O meu Deus tornou-se a minha força.
Disse-me: «Não basta que sejas meu servo,
só para restaurares as tribos de Jacob,
e reunires os sobreviventes de Israel.
Vou fazer de ti luz das nações,
para que a minha salvação chegue até aos confins da terra.»


2ª Leitura - Dos Actos dos Apóstolos
Act 13,22-26


Deus elevou David como rei, e a seu respeito deu este testemunho: ‘Encontrei David, filho de Jessé, homem segundo o meu coração, que fará todas as minhas vontades.’
Da sua descendência, segundo a sua promessa, Deus proporcionou a Israel um Salvador, que é Jesus. João preparou a sua vinda, anunciando um baptismo de penitência a todo o povo de Israel. Quase a terminar a sua carreira, João dizia: ‘Eu não sou quem julgais; mas vem, depois de mim, alguém cujas sandálias não sou digno de desatar.’ Irmãos, filhos da estirpe de Abraão, e os que de entre vós são tementes a Deus, a nós é que foi dirigida a palavra de salvação.


3ª Leitura - Do Evangelho de Lucas
Lc 1,57-66.80


Chegou o dia em que Isabel devia dar à luz e teve um filho. Os seus vizinhos e parentes, sabendo que o Senhor manifestara nela a sua misericórdia, rejubilaram com ela. Ao oitavo dia, foram circuncidar o menino e queriam dar-lhe o nome do pai, Zacarias. Mas, tomando a palavra, a mãe disse: «Não; há-de chamar-se João.» Disseram-lhe: «Não há ninguém na tua família que tenha esse nome.» Então, por sinais, perguntaram ao pai como queria que ele se chamasse.
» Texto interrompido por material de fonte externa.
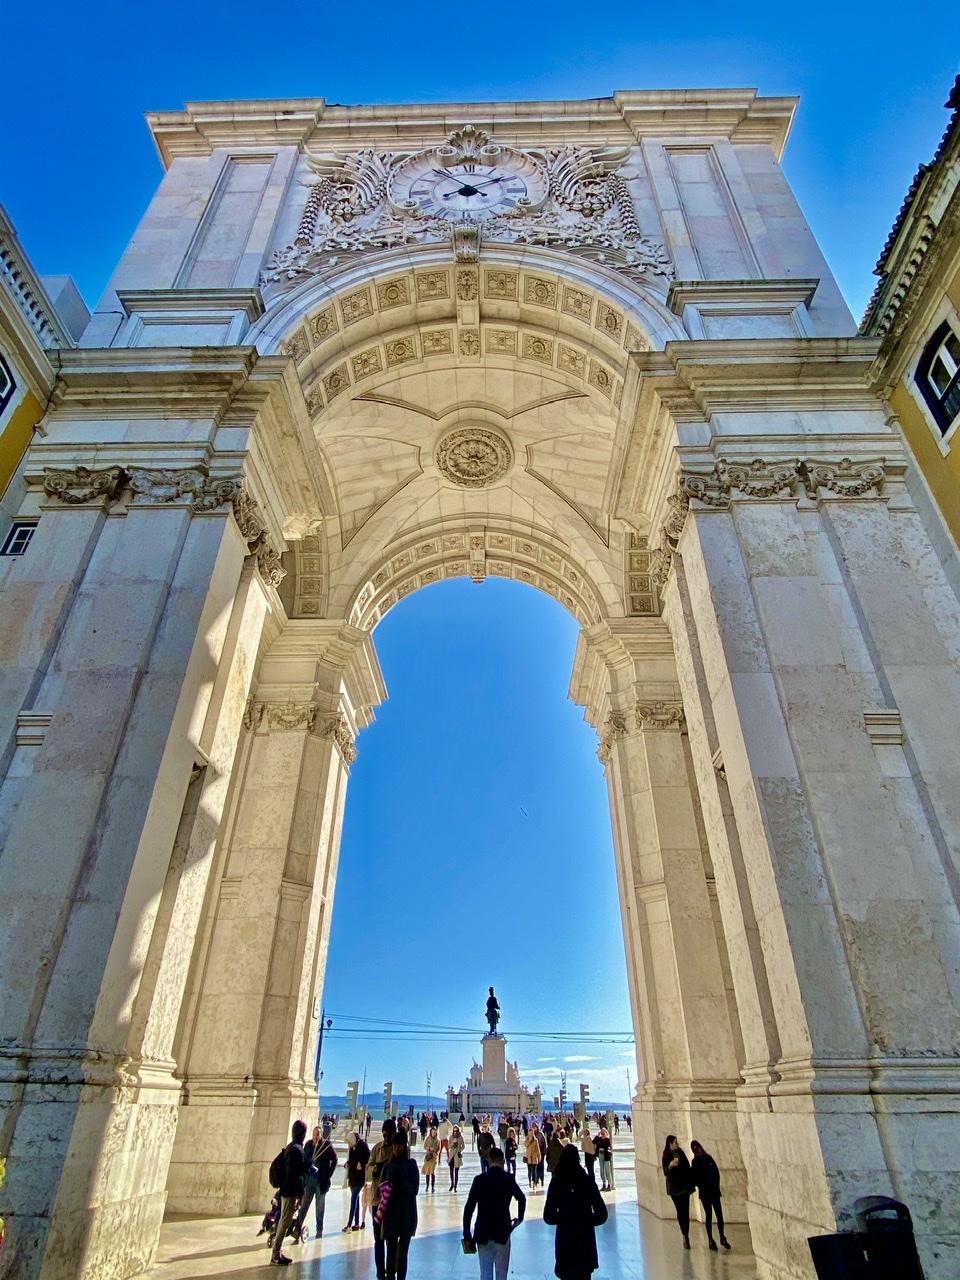 O majestoso Arco da Rua Augusta na Baixa de Lisboa

Pedindo uma placa, o pai escreveu: «O seu nome é João.»
E todos se admiraram.
Imediatamente a sua boca abriu-se, a língua desprendeu-se-lhe e começou a falar, bendizendo a Deus.
O temor apoderou-se de todos os seus vizinhos, e por toda a montanha da Judeia se divulgaram aqueles factos.
Quantos os ouviam retinham-nos na memória e diziam para si próprios: «Quem virá a ser este menino?» Na verdade, a mão do Senhor estava com ele.
Entretanto, o menino crescia, o seu espírito robustecia-se, e vivia em lugares desertos, até ao dia da sua apresentação a Israel.




Comentário às Leituras

"CARTA A JOÃO BAPTISTA"


V. N. de Gaia, 24 de Junho de 2007

Amigo João Baptista, gosto de ti.
Gosto de ti como gosto de todos aqueles que estão dispostos a assumir até à morte as consequências da Verdade que amam e anunciam. Por isso te admiro, porque não viraste a cara à Verdade mesmo quando ela se tornou prisão, mesmo quando Herodes te pôs olhos nos olhos com a morte.
Eras forte, bom, verdadeiro, admirável, mas não estavas ainda preparado para acolher um Messias tão Inesperado como Jesus de Nazaré. Reconheceste que ele era o Esperado, anunciaste-o, apontaste-o… mas não contavas que ele fosse tão Inesperado
Não era assim que tu o tinhas anunciado: “O machado já está posto à raiz da árvore, e todo aquele que não dá fruto será cortado e lançado fora. Depois de mim virá aquele que tem toda a autoridade. Já empunha a pá para limpar a eira: recolherá o trigo no celeiro, e queimará a palha num fogo que não se apaga…” (Mt 3, 10-12)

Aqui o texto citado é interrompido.